Backend Server Cluster IP - - - -
apiVersion: v1
kind: Service
metadata:
name: server-model-cluster-ip-service
spec:
type: ClusterIP
selector:
component: server-model
ports:
- port: 8050
targetPort: 8050
React UI Cluster IP - - - -
apiVersion: v1
kind: Service
metadata:
name: react-ui-cluster-ip-service
spec:
type: ClusterIP
selector:
component: react-ui
ports:
- port: 3000
targetPort: 3000
Ingress File - - - - -
apiVersion: extensions/v1beta1
kind: Ingress
metadata:
name: ingress-service
annotations:
kubernetes.io/ingress.class: nginx
nginx.ingress.kubernetes.io/rewrite-target: /$1
spec:
rules:
- http:
paths:
- path: /api/?(.*)
backend:
serviceName: react-ui-cluster-ip-service
servicePort: 8050
- path: /server/?(.*)
backend:
serviceName: server-model-cluster-ip-service
servicePort: 8050
I understand the Label selector is what maps my React Cluster IP to the Deployment for my UI and similar for my Server Cluster IP to my Deployment for server. I thin i am right in saying i can use the selector somehow to send axis/http requests to other pods like..
axios.post("/PODNAME/api/test", {
value: "TestValue"
});
Could anyone tell me if i am completely wrong or missing something obvious please :)
Here in this part of ingress service name react-ui-cluster-ip-service is there which is running on port 3000 as you mention in service spec file.
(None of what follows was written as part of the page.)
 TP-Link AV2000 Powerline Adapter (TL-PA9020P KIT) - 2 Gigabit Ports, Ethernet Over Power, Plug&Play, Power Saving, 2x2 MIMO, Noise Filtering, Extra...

But in you are you are sending traffic to proper service name but the port is wrong one.
- path: /api/?(.*)
backend:
serviceName: react-ui-cluster-ip-service
servicePort: 8050
I think due to this you are not able to send request to /api/?
From your service spec file you can also remove type:clusterIP and you can use an only service name to resolve the services inside kubernetes cluster.
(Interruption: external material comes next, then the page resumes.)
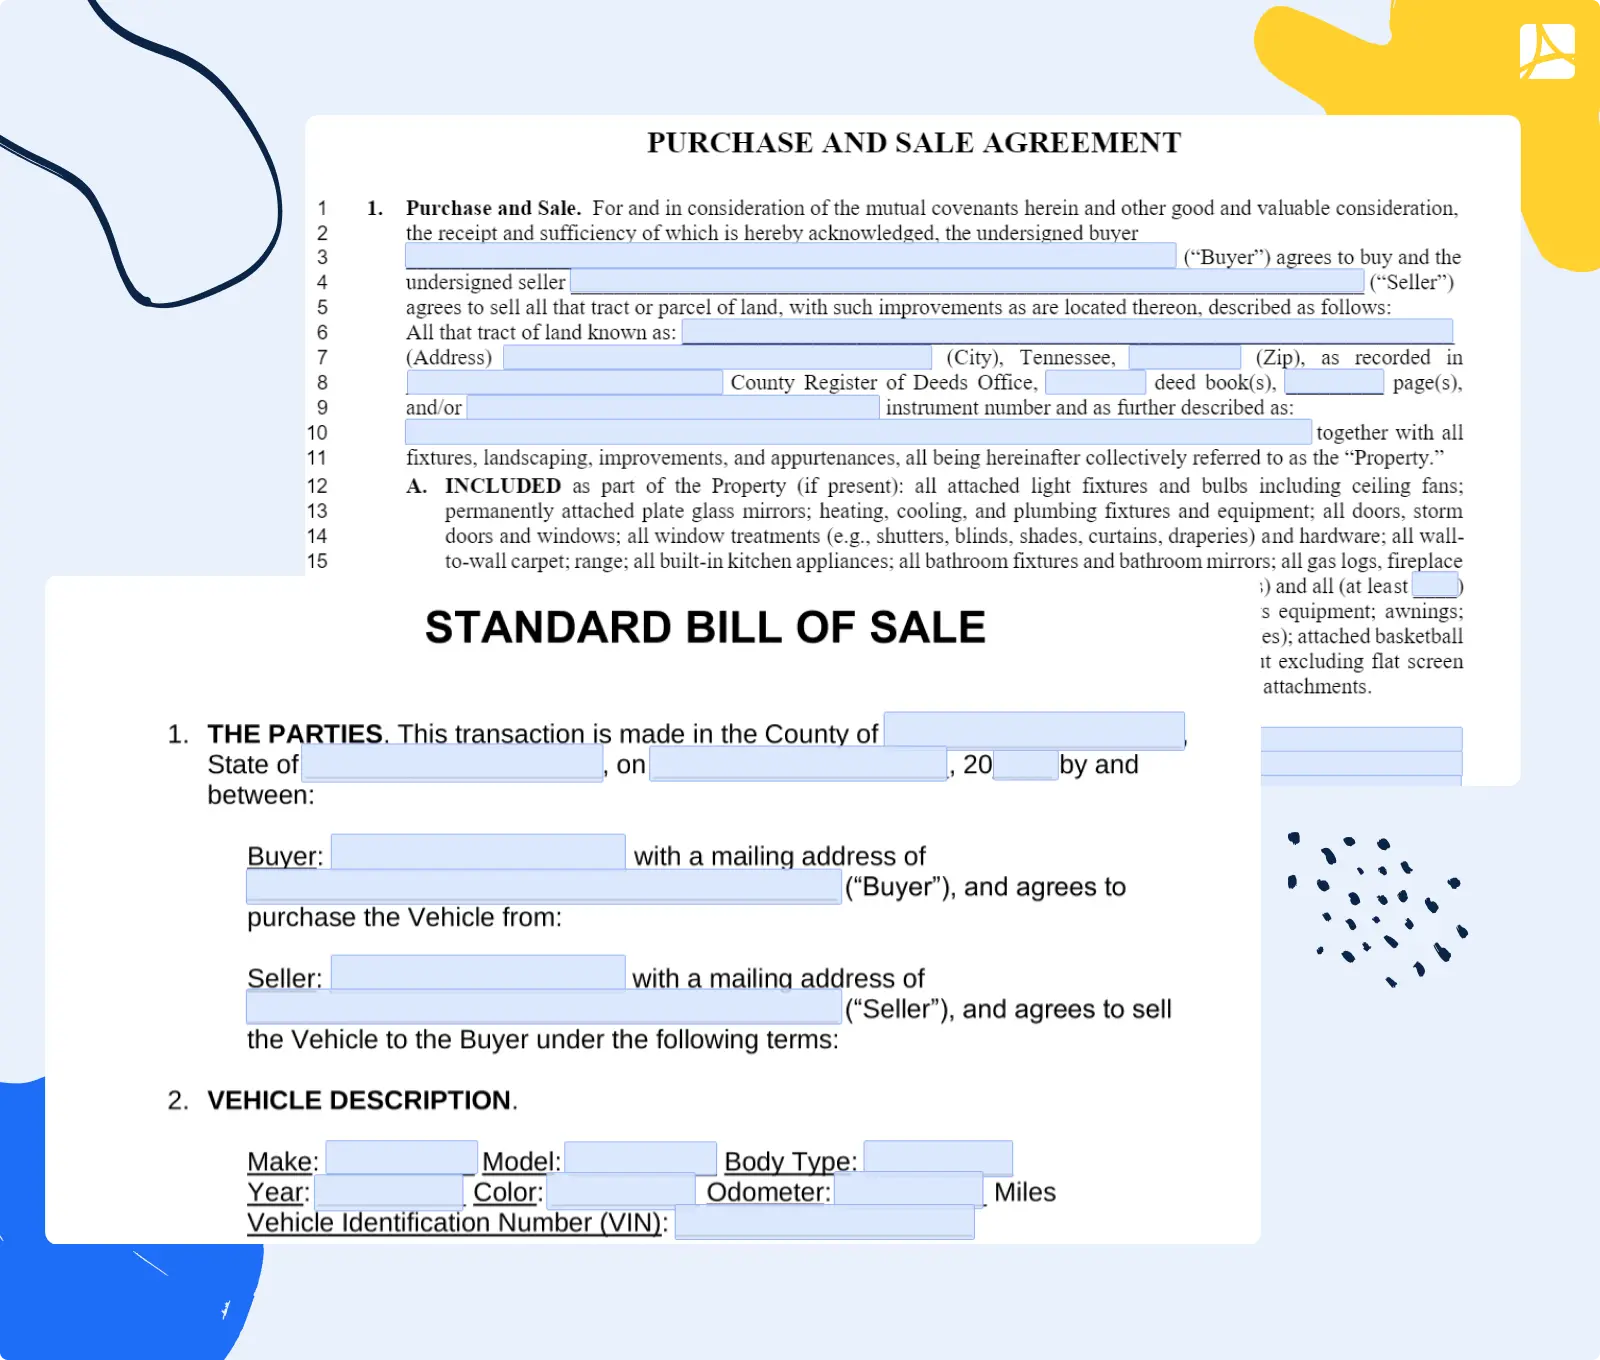 purchase and sale vs. bill of sale image

answer for your question title: containers with pod can talk on localhost while container within separtate pod can talk over the service name there no need add the service type as clusterIP & Nodeport
I have few concerns here.
As #Harsh Manvar mentioned in his answer, Kubernetes represents mechanism of discovering internal services which guarantees intercommunication between Pods within the same cluster either by IP address or relevant DNS name of service.Therefore you might be able to reach your backend server from particular frontend Pod without involving Ingress, as Ingress controller stays as an edge router and exposes HTTP and HTTPS network traffic from outside the cluster to the corresponded Kubernetes services.
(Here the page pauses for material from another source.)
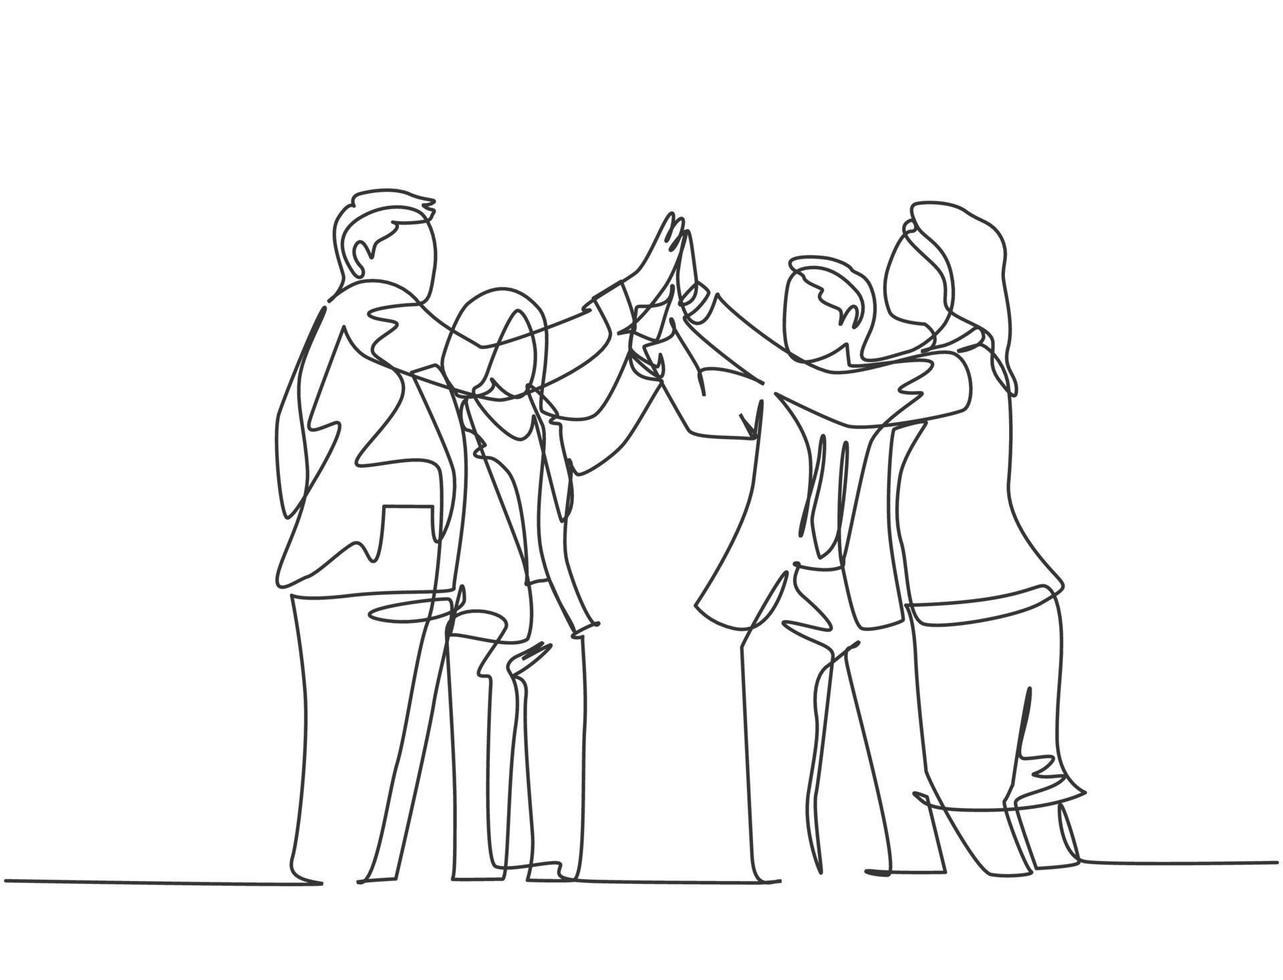 One line drawing of young businessmen and businesswomen celebrating their successive goal at the business meeting with high five gesture. Business deal concept continuous line draw design illustration vector

You also used rewrite expression enclosed to your specific path based routing rules within Ingress object. In that scenario the rewrite seems to be resulted in the following way: server-model-cluster-ip-service/api/test rewrites to server-model-cluster-ip-service/test URI and this should be final path placeholder for you backend service. In fact that you are invoking axios.post("server-model-cluster-ip-service/api/test", { value: "TestValue" }) request from React UI Pod might not hit the target backend service.
I just gave some points to consider how to proceed with further troubleshooting, at least you can log into the frontend Pod and check the connectivity to the target backend service accordingly.